Shusei OGAWA
Relationships between secant shear modulus and liquefaction strength in gravel-mixed sand of different densities
Hirofumi TOYOTA
Liquefaction generally occurs in the loose sandy ground with high groundwater level. However, it has been reported that liquefaction occurred in gravelly ground during the 1995 Kobe Earthquake. Nevertheless, few studies have been conducted on
liquefaction of gravelly soil. Therefore, the purpose of this study is develop liquefaction evaluation technique in the ground having wide range of particle size. Various effects of gravel content on liquefaction were examined with taking attention
to the relevance of wave propagation properties and small deformation characteristics. Moreover, Experiments were conducted using the loose specimen with initial relative density of 35%. Then effects of density on liquefaction estimation were
examined comparing the results with the specimen with initial relative density of 75%, which was conducted last year. The results obtained in the study are follows:
(a) Liquefaction characteristic of gravel-mixed sand:
When gravel content exceeds 20% in mass, liquefaction strength increases.

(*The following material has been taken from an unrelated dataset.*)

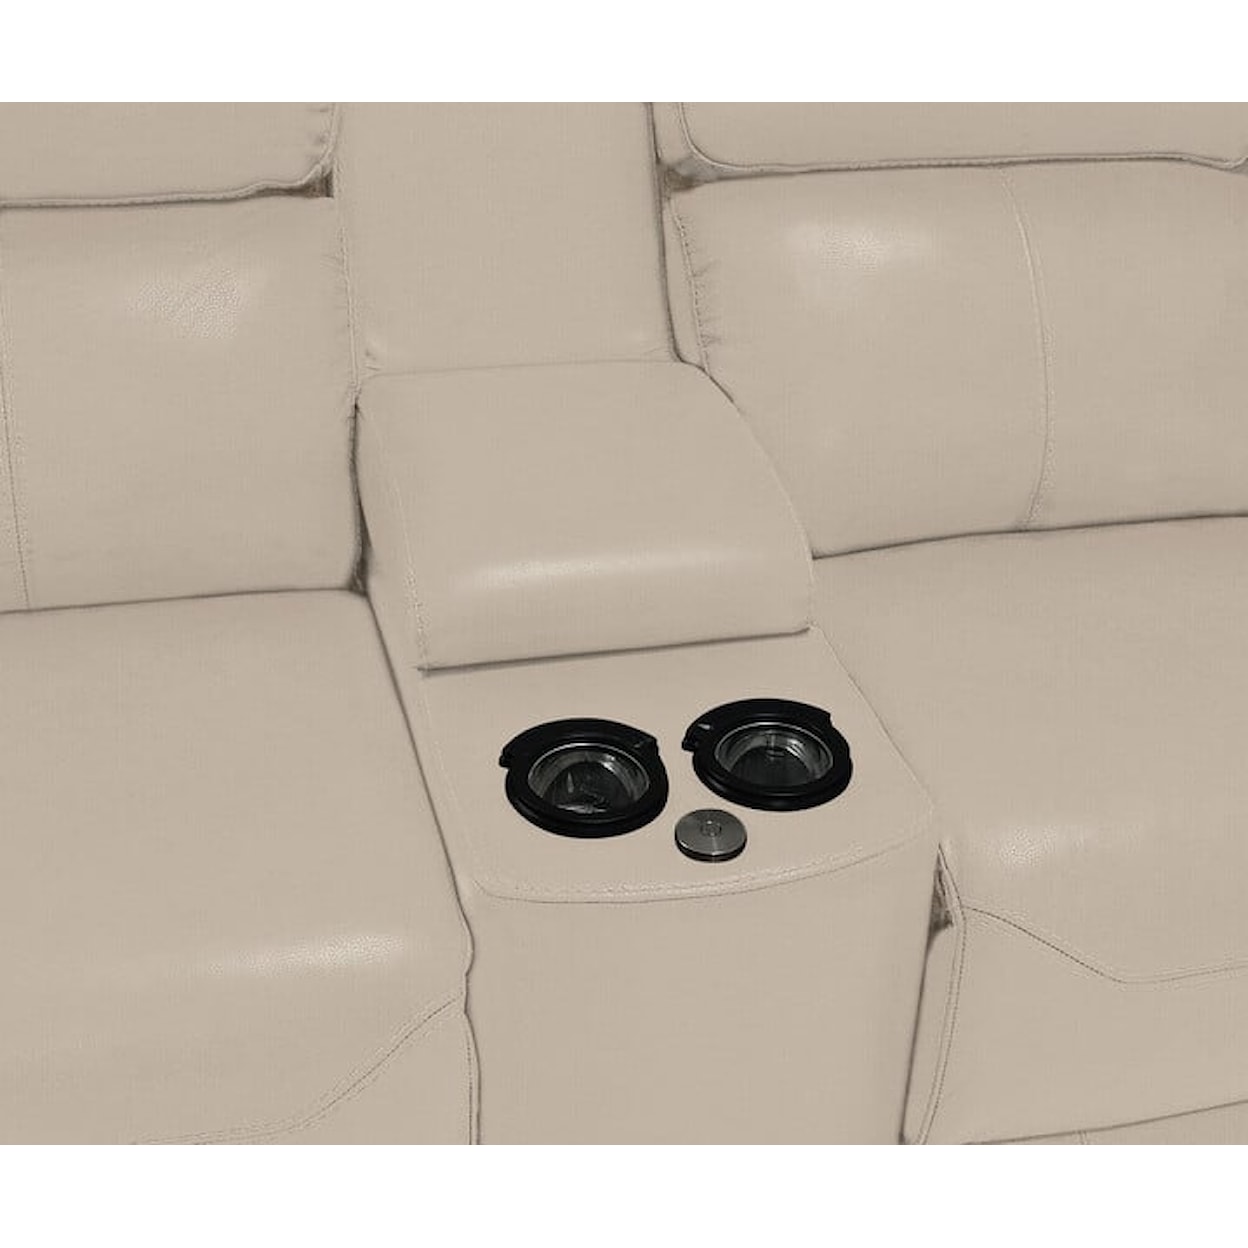 Palliser Granada Granada 4-Seat Reclining Sectional Sofa

(b) Small deformation properties of gravel-mixed sand:
If gravel content is less than 20%, a secant shear modulus slightly increases. When gravel content reaches 30%, a secant shear modulus greatly increases.
(c) Initial shear modulus obtained from wave propagation and small deformation tests:
Initial shear modulus obtained from the small deformation test is larger than that from the wave propagation test. The difference between those initial shear modulus becomes larger with increase of gravel content.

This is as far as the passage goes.